John Gruber of Daring Fireball pointed out the change in the new iPhone Software Developer Kit license for iPhone OS 4. This provision was added: "Applications must be originally written in Objective-C, C, C++, or JavaScript as executed by the iPhone OS WebKit engine, and only code written in C, C++, and Objective-C may compile and directly link against the Documented APIs (e.g., Applications that link to Documented APIs through an intermediary translation or compatibility layer or tool are prohibited)."

Apple didn't respond to a request for comment about the move, and Adobe only said, "We are aware of the new SDK language and are looking into it. We continue to develop our Packager for iPhone OS technology, which we plan to debut in Flash CS5."

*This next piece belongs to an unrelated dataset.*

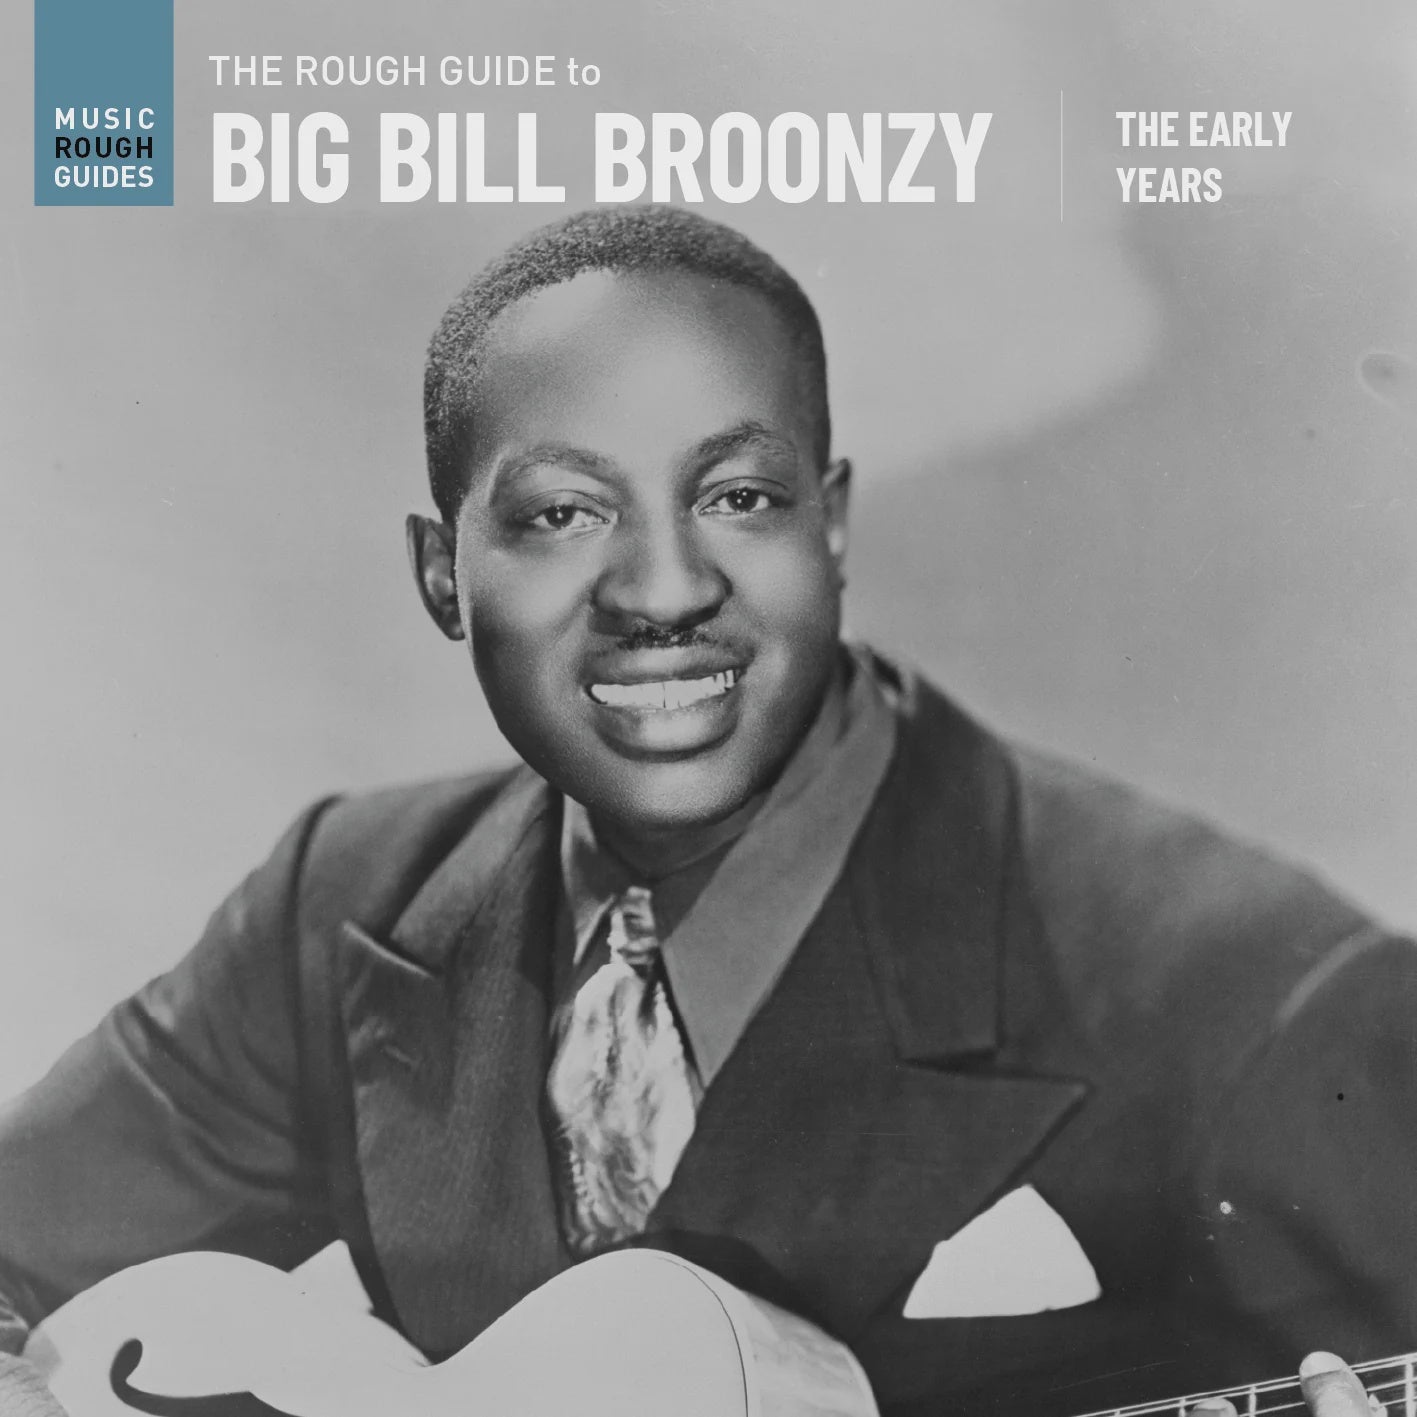 Big Bill Broonzy - The Rough Guide To Big Bill Broonzy: The Early Years - New LP Record 2023 World Music Network Vinyl - Chicago Blues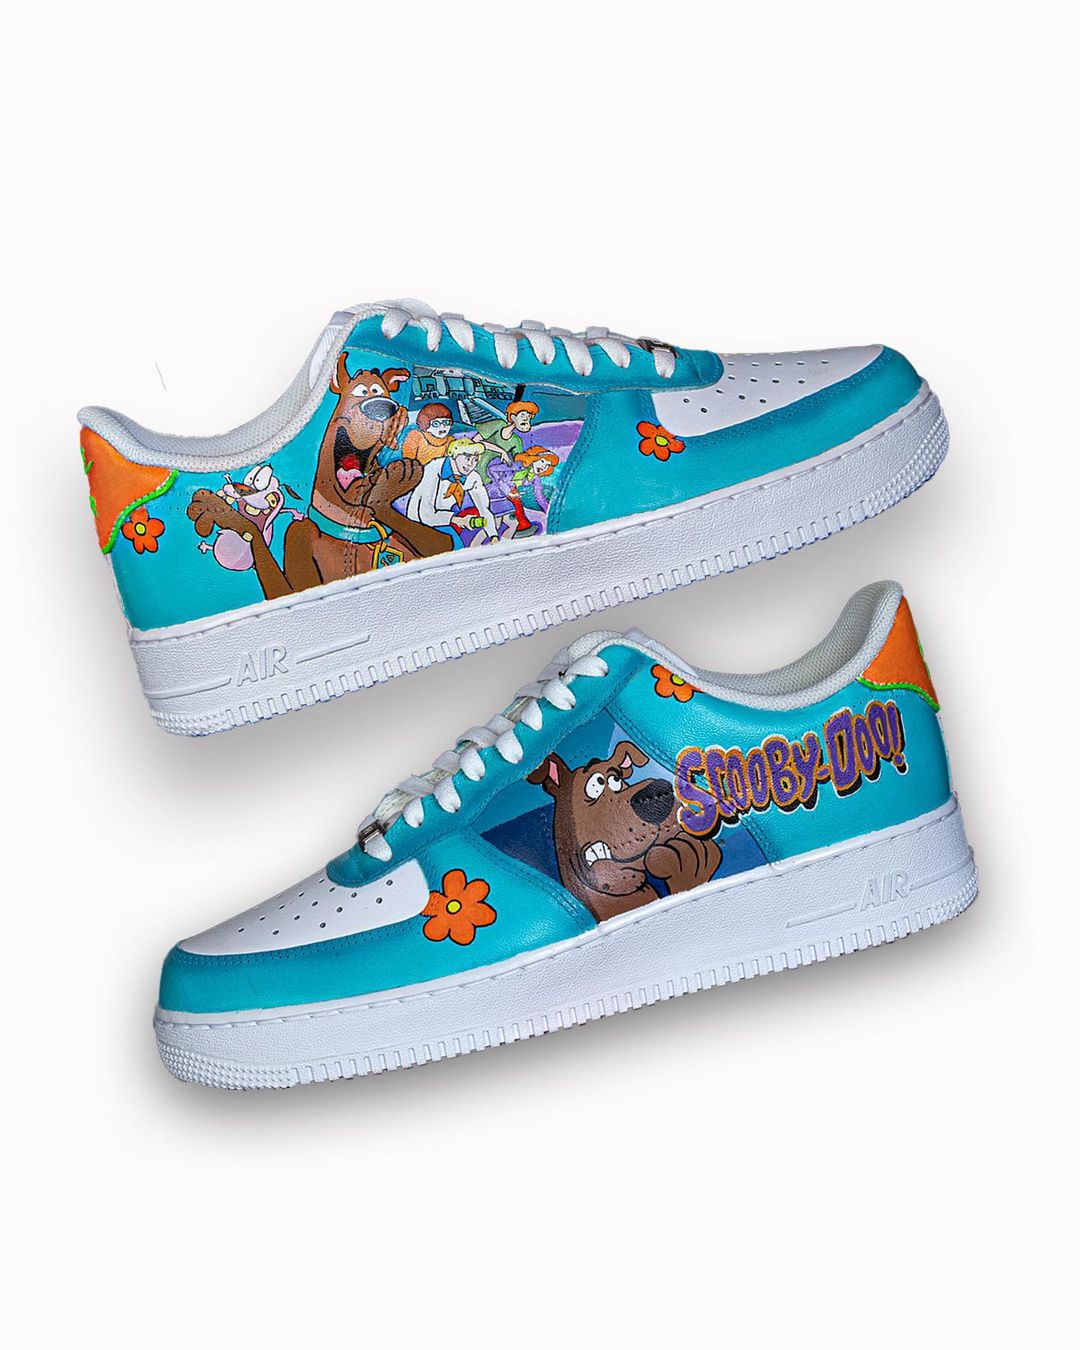 scooby doo air force 1s

But Gruber couldn't figure a way out of it for Adobe and sees implications for a range of programming tools, many of them designed to let programmers target different devices with the same project. Another one is Novell's MonoTouch, which lets programmer's using Microsoft's C# programming language and associated .Net technology write for the iPhone and iPad.

Regarding MonoTouch, Mono project leader Miguel de Icaza didn't sound as concerned. "MonoTouch already has an option to compile to C + XCode, just call mtouch --xcode program.exe," he said on Twitter.

Not all were reassured, though, given that the SDK says "originally written in Objective-C, C, C++, or JavaScript," not originally written in another language and moved to a permitted language as an intermediate step. "The agreement uses the word "original" when talking about the source code. It's a gray area and may not be enforceable," tweeted Phil Nash, a programmer who wrote a Risk-like strategy game for the iPhone called vConqr.

Another multi-device developer tool company that could be affected is Unity Technologies, but Chief Executive David Helgason made this statement: "We have no indication from Apple that things are going to change. We have a great relationship with Apple and will do everything we can to comply with Apple's TOS [terms of service] (also, these are 'beta TOS,' and these easily get changed) so that we can provide uninterrupted service to our more than 120,000 users."